Participants : Olivier Teytaud [correspondent] , Hassen Doghmen, Jean-Baptiste Hoock.

MoGo and its Franco-Taiwanese counterpart MoGoTW is a Monte-Carlo Tree Search program for the game of Go, which made several milestones of computer-Go in the past (first wins against professional players in 19x19; first win with disadvantageous side in 9x9 Go); MoGo has had new developments as follows:

  • A Meta-MCTS module (inspired by the collaboration with Tristan Cazenave in the ANR EXPLO-RA project), which provided both a huge opening book in 9x9 and an approximate solving of 7x7 Go[24] .

  • Following the “poolRave” modification, introduction of machine learning and statistics into MCTS, such as:

    • Bernstein Races [41] (for offline educating Monte-Carlo simulations).

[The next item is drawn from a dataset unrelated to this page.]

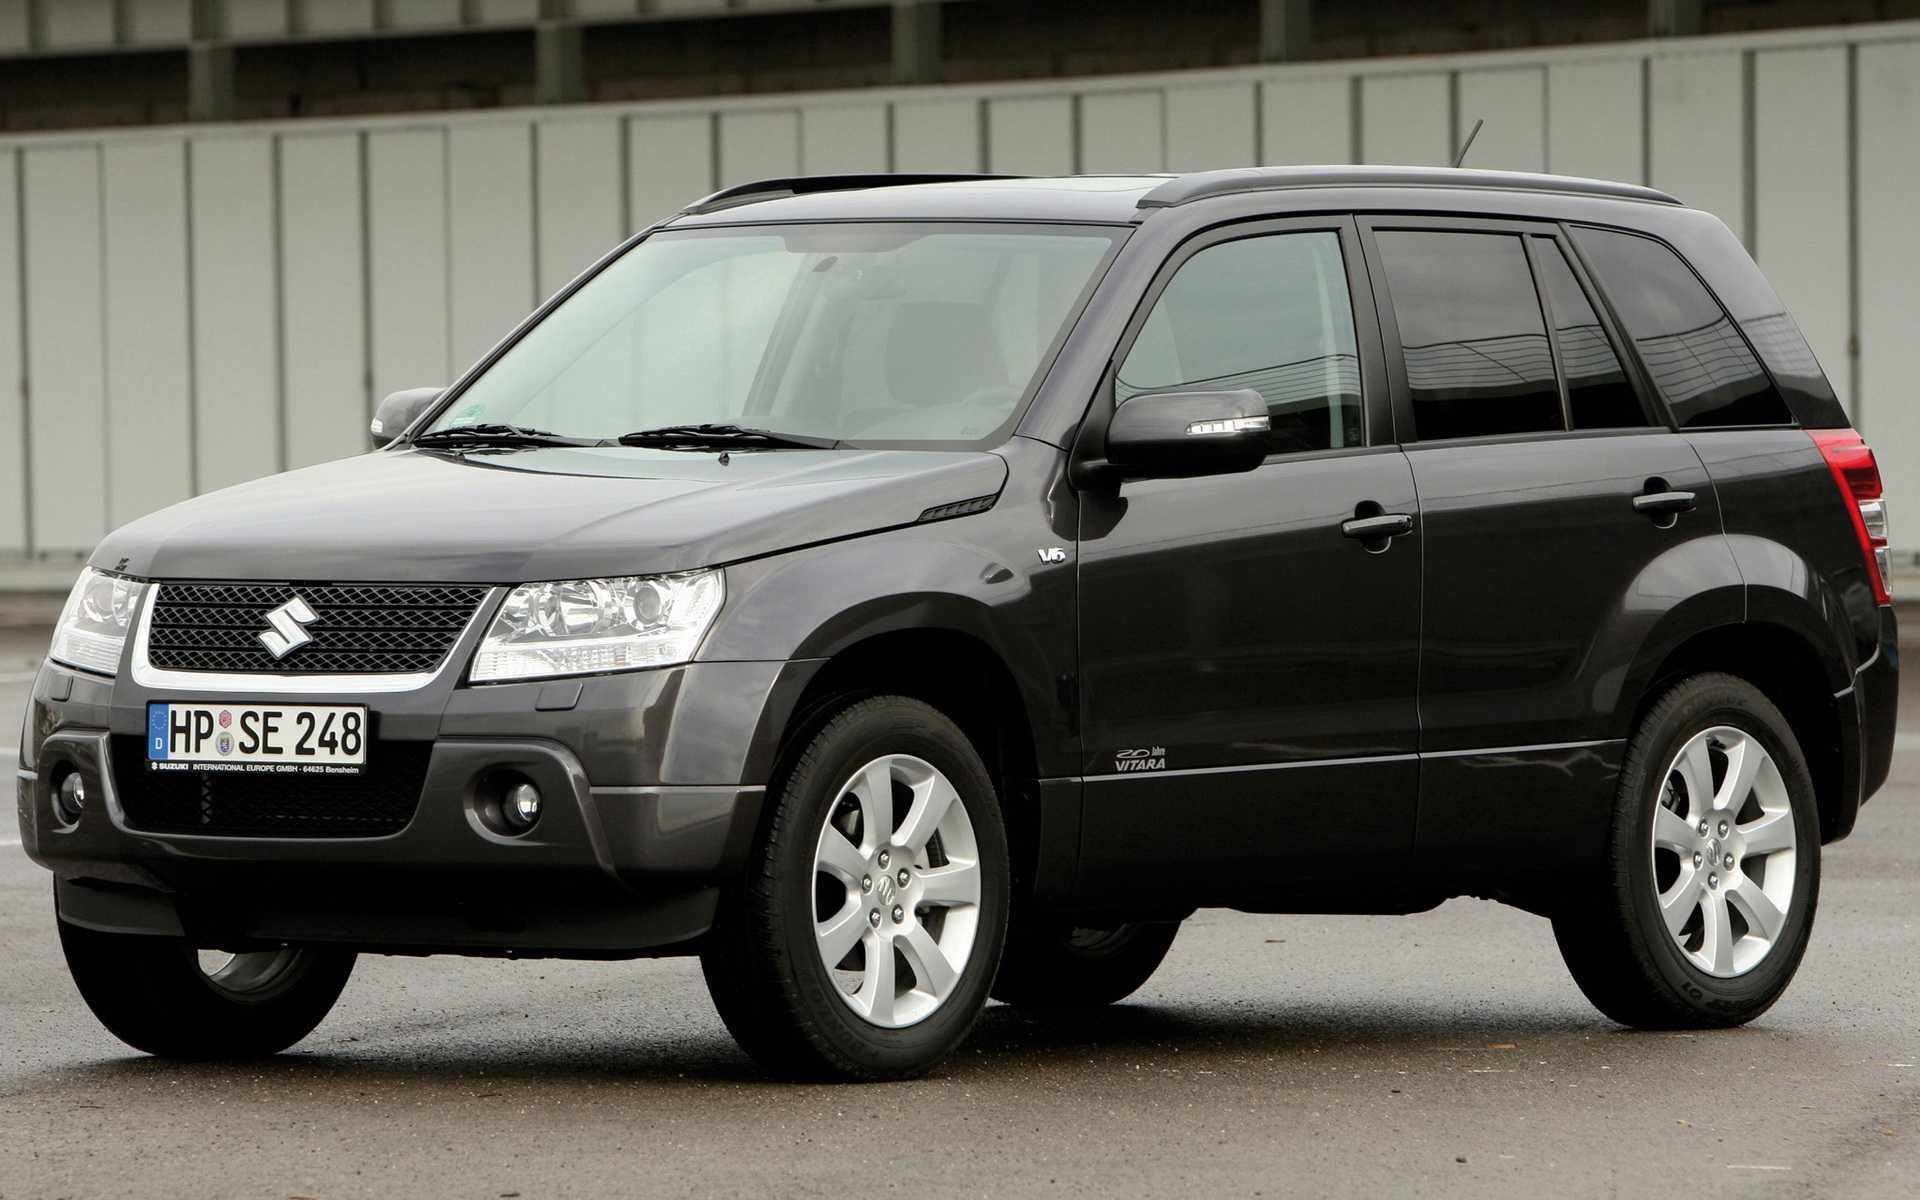 Технические характеристики suzuki grand vitara - двигатели, расход топлива, размеры кузова

    These developments have been summarized and compared in [93] .

  • Variants of Go: we tested variants of Go, in particular blind variants; this suggests that in such frameworks playing theoretically suboptimal moves helps a lot, because such unnatural moves are harder to memorize. A preliminary related publication is [25] ; some additional results are to be published. Another interesting variant is random-Go, starting from a randomly generated board; such situations are much harder for humans, and, interestingly, our program was competitive in front of a 6D player (ranked 4th in a world amateur championship and former French champion) on a 19x19 board[40] .

MoGo's development team was awarded the 2010 ChessBase award for the best contribution to Computer-Games.